And the F-35 problems continue
WASHINGTON: Following the latest review by the Government Accountability Office, DoD is expected to again push back the schedule for the sprawling F-35 modernization effort.
The new report is yet another slap for the Joint Strike Fighter, which is already in DoD’s budget-cutting cross-hairs due to the plane’s exorbitant maintenance costs. Key members of Congress, including the Democratic Chair of the House Armed Services Committee Adam Smith, are also looking askance at the program, which is expected to cost nearly $2 trillion over its lifetime.
The GAO report found that the current 2027 goal for finalizing the Block 4 modernization is “not achievable.” GAO said that costs of the effort had ballooned by $1.9 billion between 2019 and 2020, bringing the overall cost to about $14.4 billion. Software development has been the primary driver of the problems, the report said — including the fact that about a quarter of the software being delivered by prime contractor Lockheed Martin was found to have defects after it had already been integrated into the aircraft.
“We appreciate and concur with the recommendations from the GAO,” OSD spokesperson Jessica Maxwell said in an email. “In conjunction with the Joint Program Office, the Under Secretary of Defense for Acquisition and Sustainment will work to update the F-35 Block 4 program schedule as well as improve software development and performance metrics to better support program decisions.”

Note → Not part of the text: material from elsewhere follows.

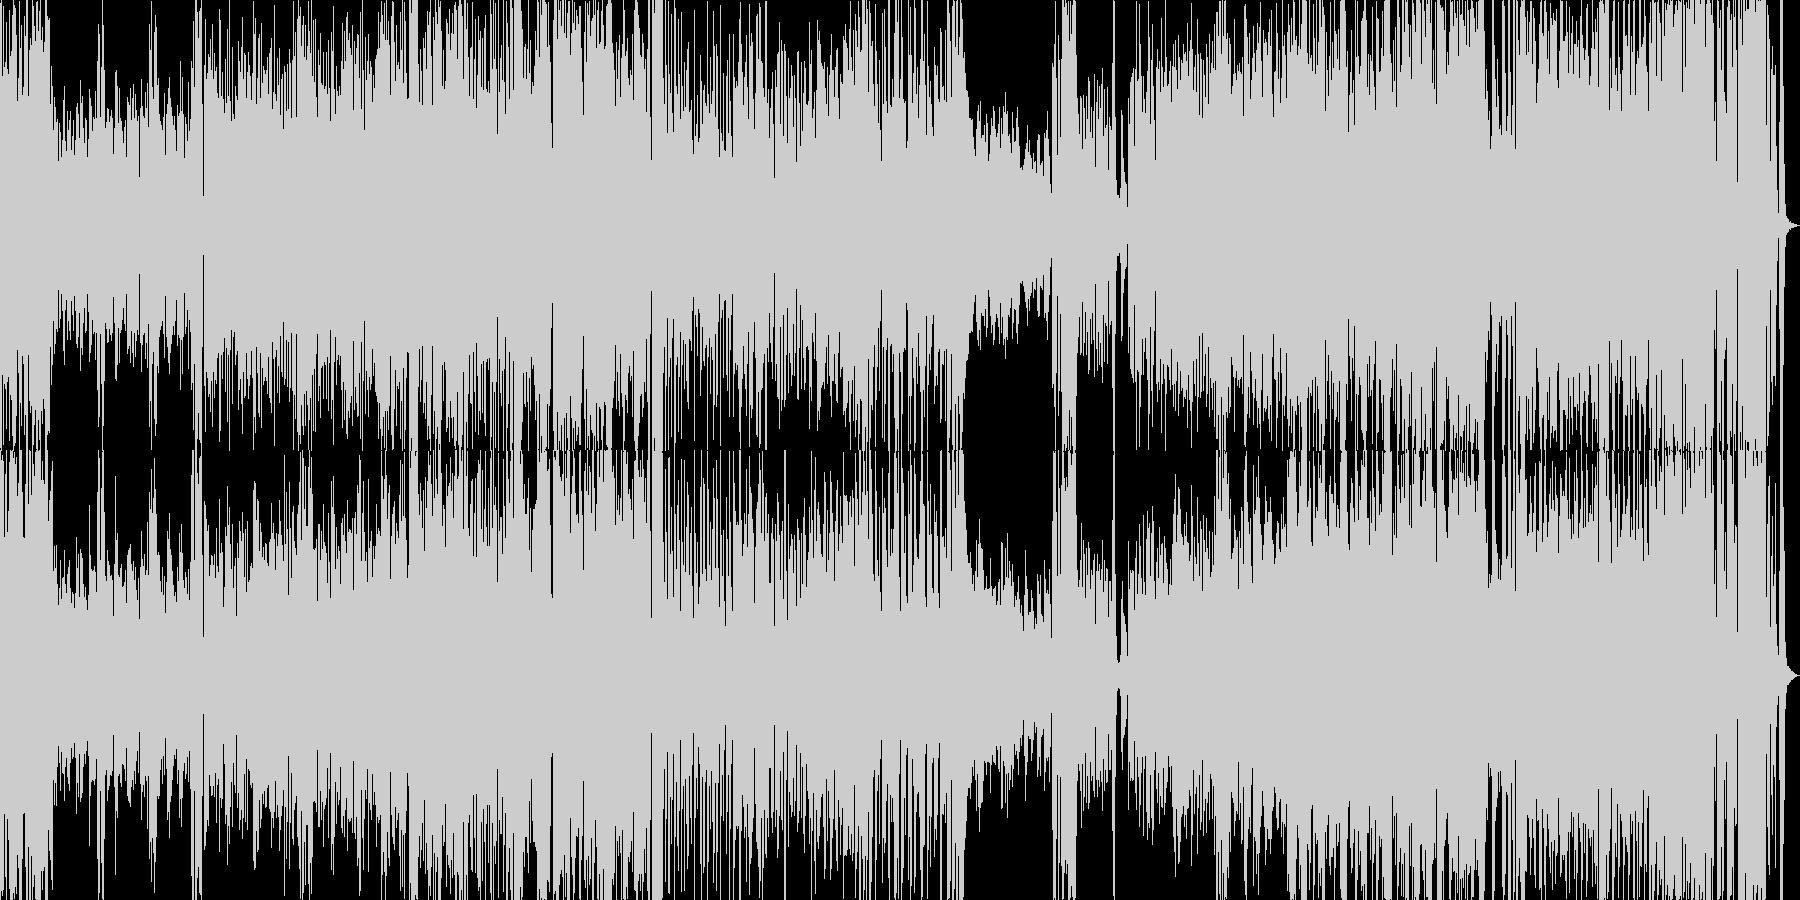 キャバレー風の小編成ビッグバンドジャズの未再生の波形
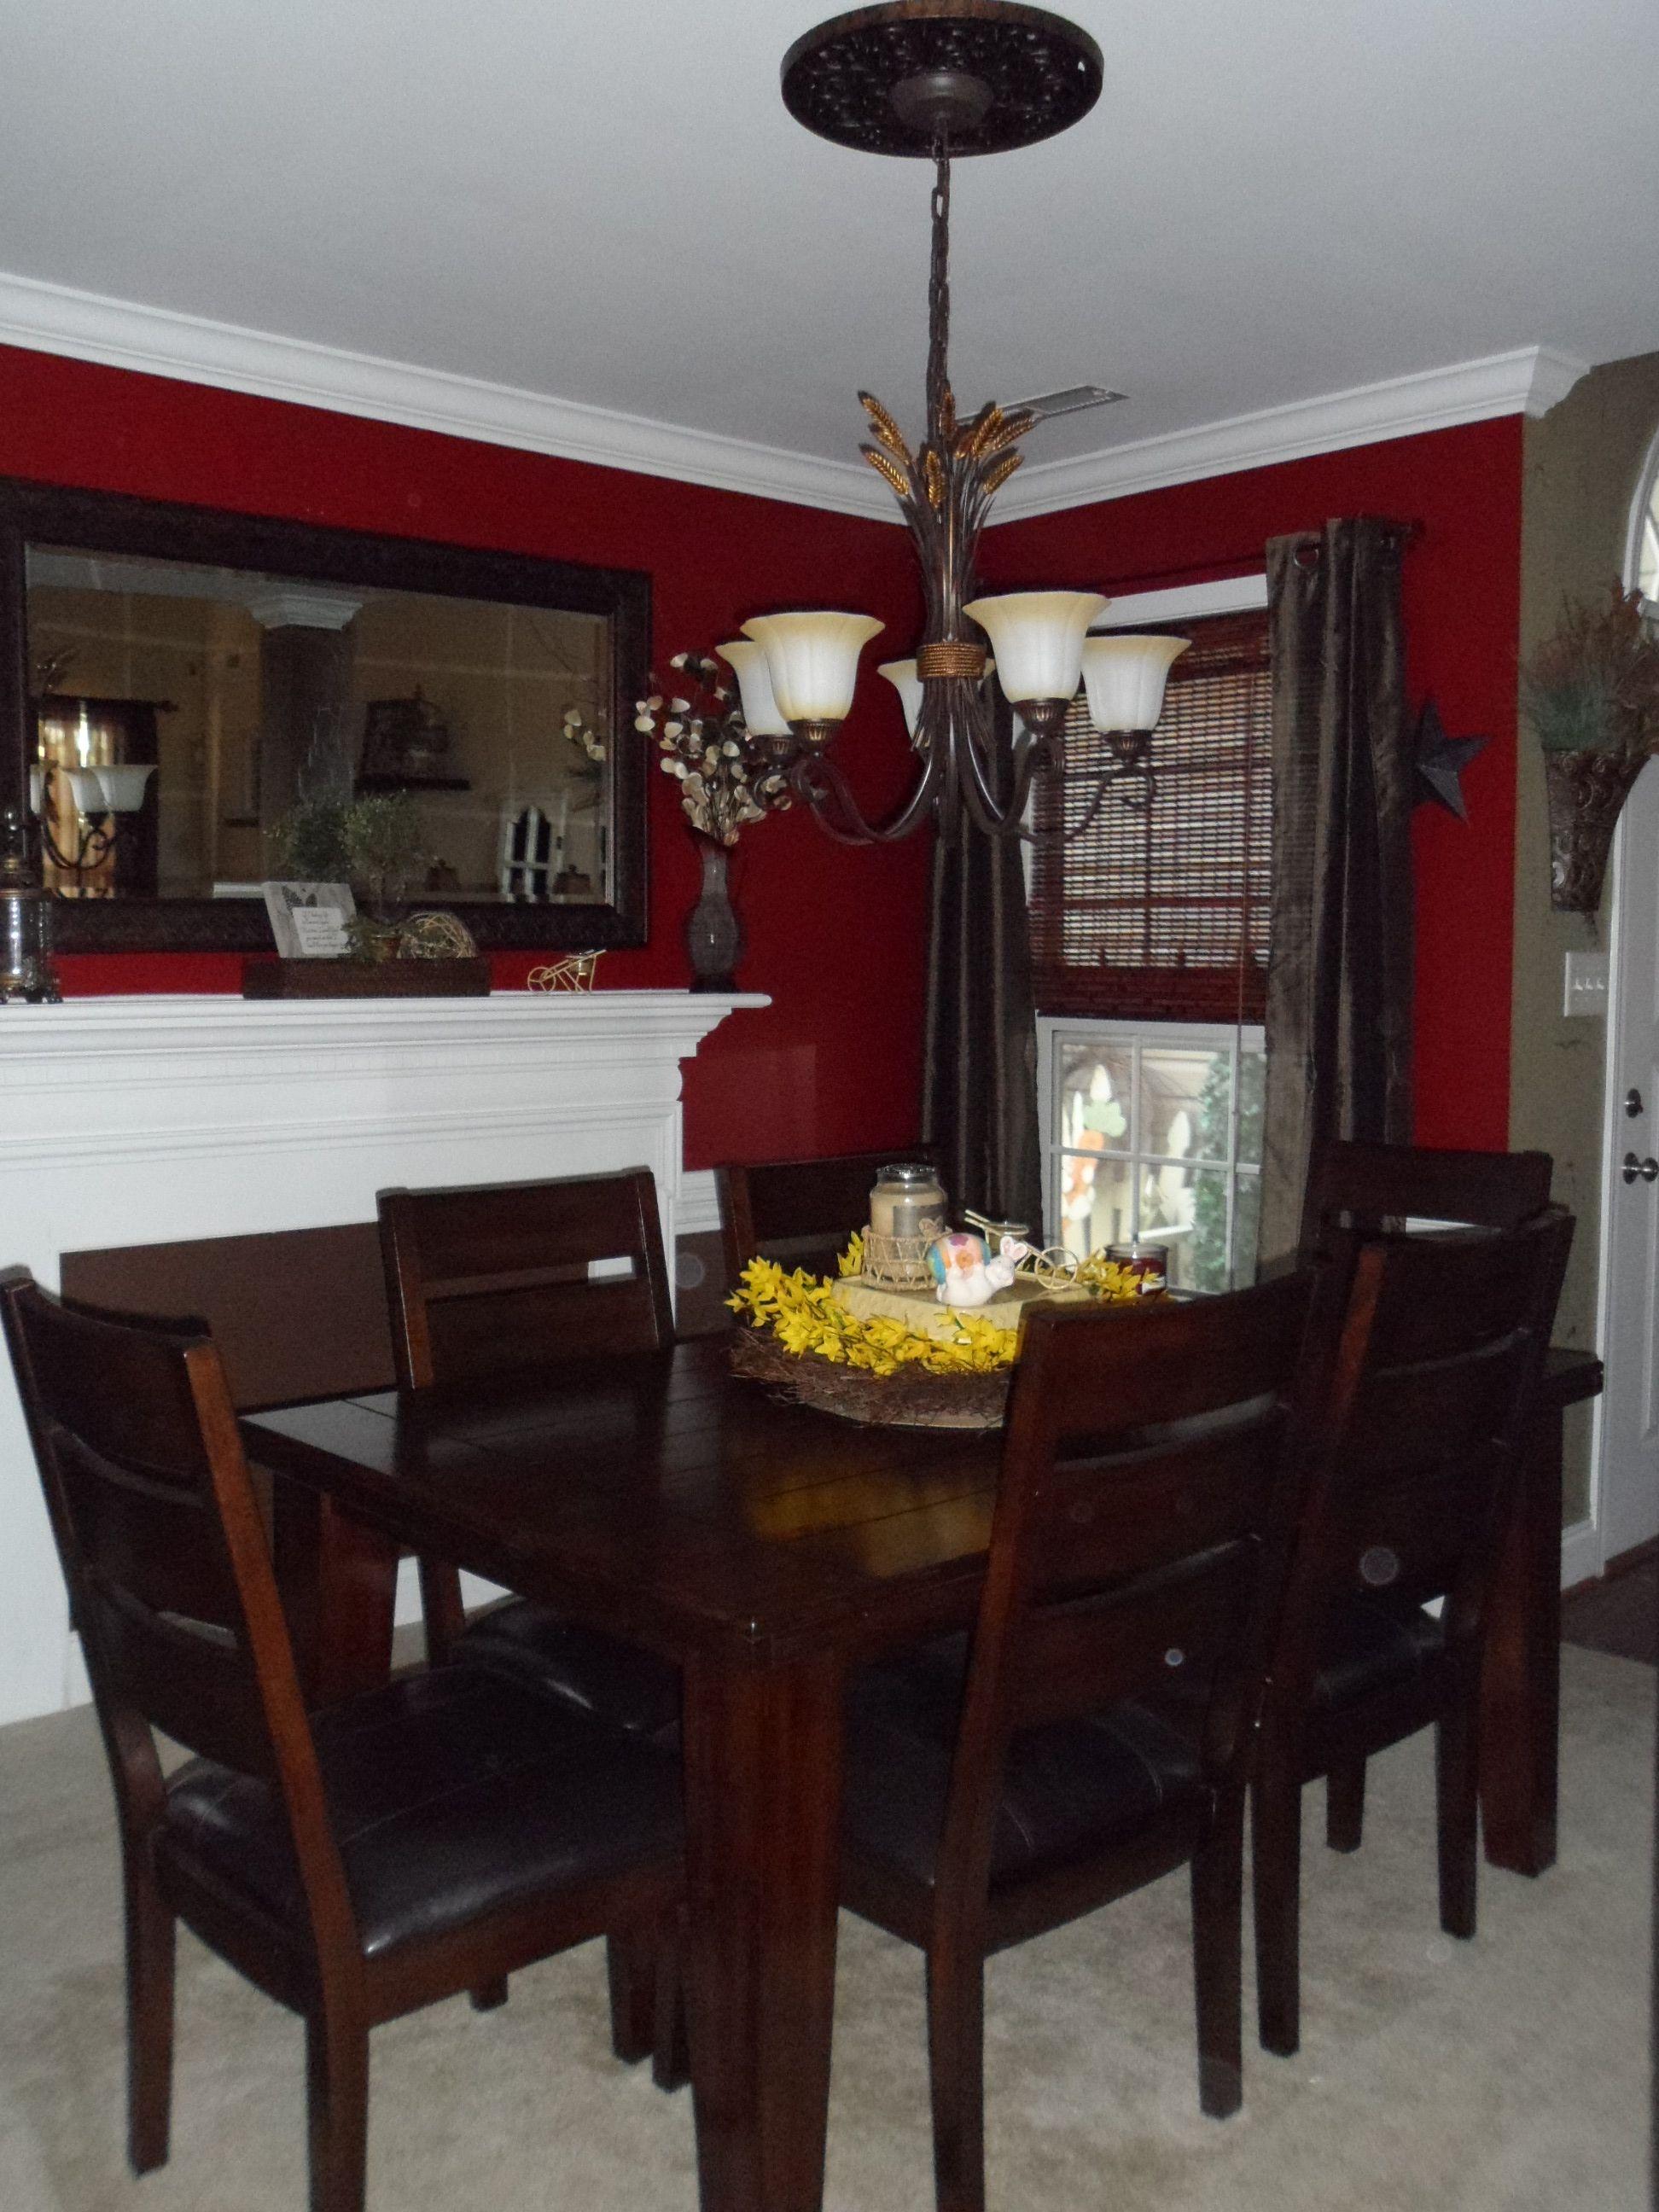 Pin by Roxii on Home - Dining Room | Comedores, Decoración para el ...

“Lockheed Martin initiated a program-wide software assessment, and in partnership with the F-35 Joint Program Office (JPO), created a software Independent Review Team (IRT) in the fall of 2020 to review F-35 software capabilities,” a company spokesperson said in an email. “This team, comprised of representatives from the JPO, Lockheed Martin, U.S. Government and industry, has made significant progress in identifying and addressing opportunities that provide quality products on time and on budget for the F-35 customer.”
The most insidious potential result of the GAO’s findings, sources say, is that continued issues in software delivery could delay integration of key subsystems, such as radar enhancements, to keep pace with the growing threats from adversaries. (The current 2027 deadline for Block 4 completion already represents a three-year delay from the 2024 deadline DoD set in its 2018 baseline for the effort.)
“The biggest potential challenge is that these modernization elements don’t reach the warfighter as quickly as they’d hoped,” one expert said. “It’s a delay in getting these modernization capabilities into the field, and part of the reason that they’re doing the modernization is that the world has changed since 2001 when the program began, and the threat environment is different, both in terms of radar systems and and adversary potential adversary equipment.”
Another potential fallout is the specter of retrofit costs, the expert said. “To the extent that you have continued to produce aircraft without building in the new hardware, that concurrency ends up sort of building a retrofit cost that is going to have to be incurred later.” And it is the Air Force, the Navy and the Marines that are going to end up eating most of those costs, the expert added.
“There are new sensors coming out for the jet that only align with the more modern software,” another analyst following the program closely said. “If the older software is still coming off the line, and yet you’re delivering these new sensors — it doesn’t fit. So that’s where it’s really important to realign everything and ensure it balances.”
What DoD cannot allow, the source added is future “mess” where F-35s are coming off the line that don’t match the requirements of US services and allies.
The GAO report called attention to the fact that “Lockheed has just flat out struggled to get software done as quickly as they imagined being able to do it,” the expert said. “What they’ve found is that the delays in the development of the software increments has delayed the ability to test them. … and in some cases the defects were showing up in the actual test fleet and causing problems.”
The next steps for DoD and the Air Force — which is responsible for the biggest F-35 buy at 1,763 aircraft — are to take a hard look at what actually can be done, by when, at what cost and with what tradeoffs in capability and come up with a plan, outside experts agree.
“I think [DoD and the services] need to snap a chalk line, get healthy on some of this, and prioritize the investment,” the analyst said.
As seemingly does DoD, in that the Pentagon has concurred with all of the GAO’s recommendations to do exactly that. In a response to the GAO report, contained in Appendix V signed March 1 by Dyke Weatherington, who is performing the duties of the DoD assistant secretary for acquisition, DoD says it intends to have a new Block 4 Capability & Development Delivery Schedule out by the second quarter of this calendar year. DoD also says the Joint Program Office is integrating new agile development and software performance metrics into both current contracts and an “in-work Systems Engineering and Test contract.”